What is truth?

Those living in fear of being serenaded through the halls of justice by "truth czar" Nina Jankowicz can, at least temporarily, breathe a huge sigh of relief.  The First Amendment still has some defenders left in Congress and, for the time being, they'll be no snappy disinformation ditties following you into your prison cell where you're doing time for lying to yourself.  But don't get too comfortable, all you deplorables.  Mary Poppins is lurking in the shadows.  The door is still cracked open, and the Ministry of Truth knows you're thinking bad thoughts.  Their truth will set you free.

After waiting several months, I was finally granted access to President Trump's new social media platform, Truth Social.  Once you're in, it seems to work fairly well.  The only problem is in the name.  Something like "freedom social" or Elon Musk's suggestion of "Trumpet" would have been much better.  "Truth" is a little too nebulous.  What is truth?

The victors of wars write the histories.  Does that make them true?  Obviously not.  Countries adopt written histories, but those histories change over time and vary by location.  Different countries write completely different histories of the same event.  Each version has significance to the nation or the author, but they are often used as a tool for propaganda, pride, and political maneuvering.  We see that today, unfortunately, in our own ever-changing American history.

So how do we cut through all the noise to find out what the real truth is?  The short answer is that we can't.  All we can do is apply the social equivalent of quantum theory to the problem of truth.  To try to glean from all sources of information that which is most consistent with the available evidence or most repetitive.  The probability of truth.

Image via freepik.

The truth becomes murky as soon as it slides into the past.  This is made clear in every courtroom throughout the land.  Though many people would argue that the truth is what actually happened, to believe unequivocally in only one version of past events is to forsake our desire to learn the truth.  It's more like taking sides.

That is what is so disturbing about this administration's attempt to codify the truth.  Whose truth are they relying on?  Who is setting the standard?  Not only is it a clear violation of the First Amendment, but it also has no place in a free and open society.

Science seems to have cornered the market on the discovery of facts and the explanation of phenomena.  The scientific method has greatly advanced human understanding of the universe and the world in which we live, but it could not be farther away from any underlying truth.  By naming something and creating a formula to predict how it will behave, have you learned anything about what it is or why it is?  Gravity is an attraction that objects exert on each other and that can be expressed with formulas.  But what is gravity?  Well, it's a force or a field.  But what is the force?  Well, it's gravity.  Why does gravity exist?  In the end, you always end up with "it just does."  There's no deeper truth there.

So we look to God for truth, and perhaps God looks to us to express the truth as he has written it on our souls.  While there is abundant good in manifesting God's truth in the world via morality, we are left once again to employ the gleaning process to catalog those truths.
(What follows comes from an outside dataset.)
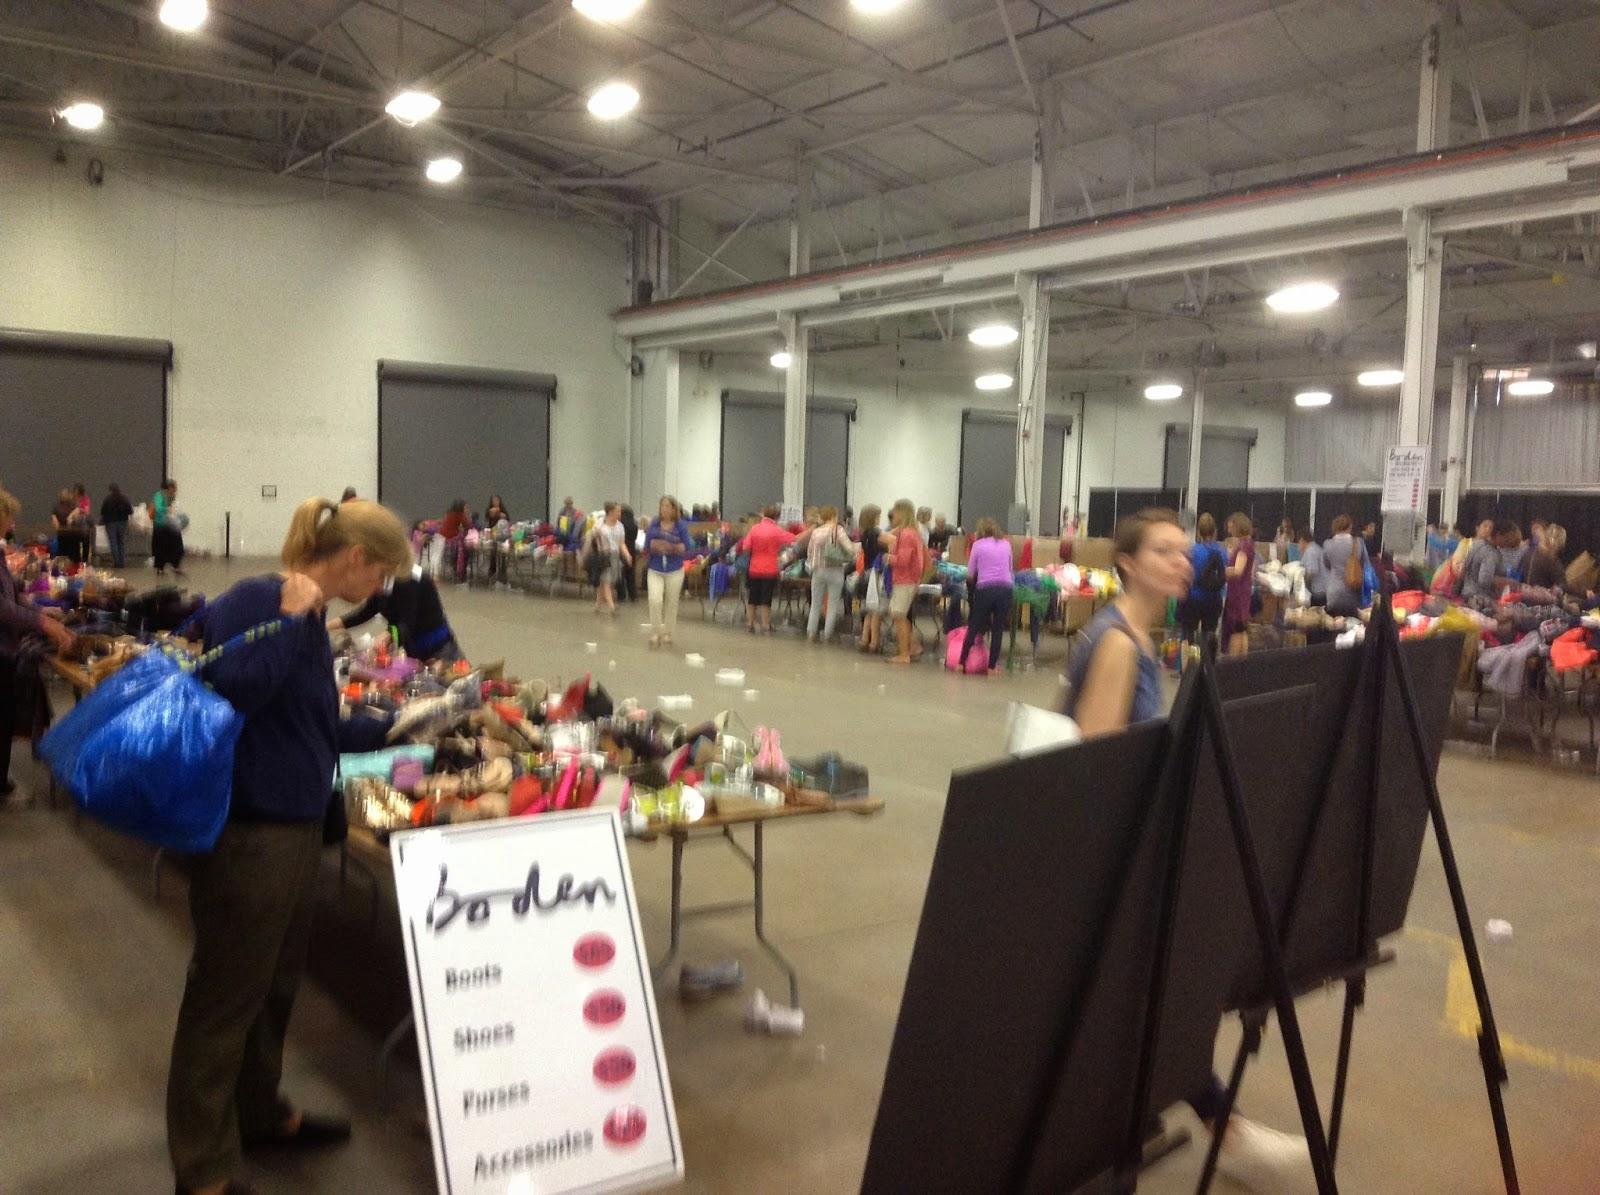 Boston sample sale @ hynes convention center, boston [29 september].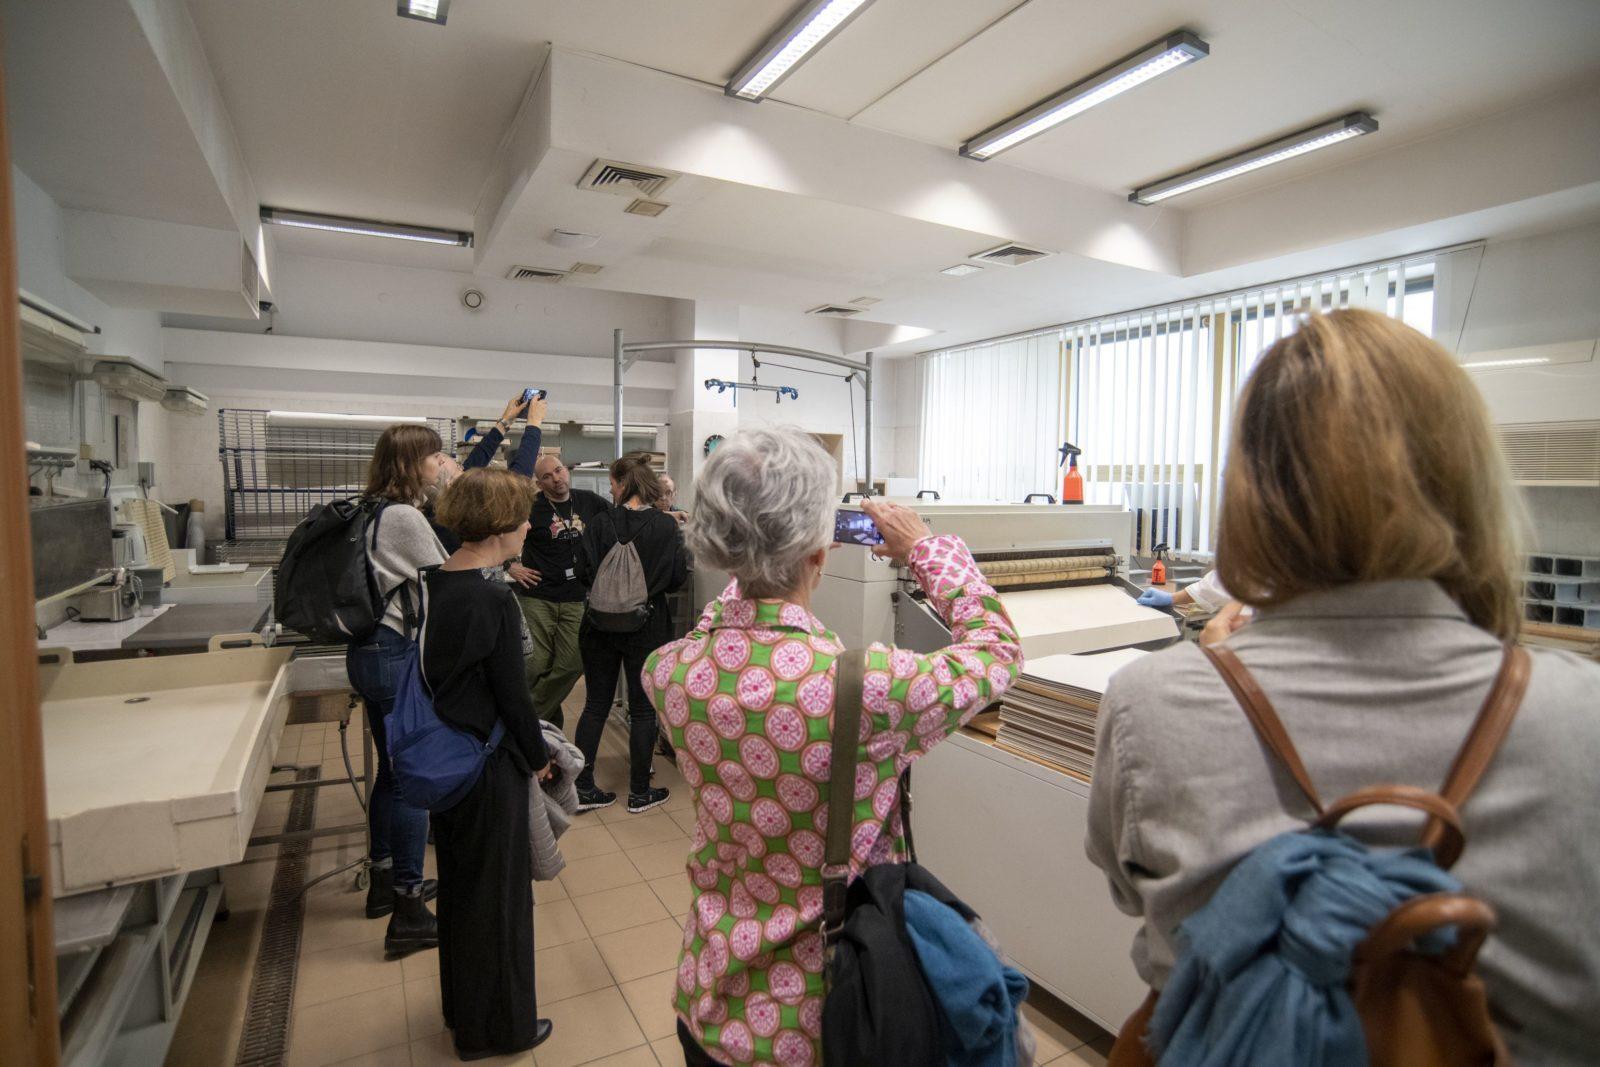 Warschau_2019_Tour_Library_of_Poland_Warsaw_Stasiuk_Konrad_134

We have all embarked on a personal journey of discovery and enlightenment as we pass through the forge of life.  Individuals might struggle to unlock that which is inside themselves, and for that, we have constructed religions.  They usually have, at their core, remarkably similar standards of conduct or morality.  Still, it remains a personal journey, and religion can best be viewed as a tool for achieving individual enlightenment.  Where they seem to go astray is in their capacity, like governments, to claim theirs is the only way.  The only salvation.  The only truth.

Religions are made up of individuals, and, as such, they are subject to the whims and failings of human nature.  Often, like all sufficiently advanced bureaucracies, they become more interested in self-preservation, power, and control than in truth.

Nobody knows with certainty what truth is.  Not history, science, religion, or the DHS.  The best we can hope for is to be able to freely make our case without being censored or canceled by Facebook, Twitter, YouTube, or Nina Jankowicz.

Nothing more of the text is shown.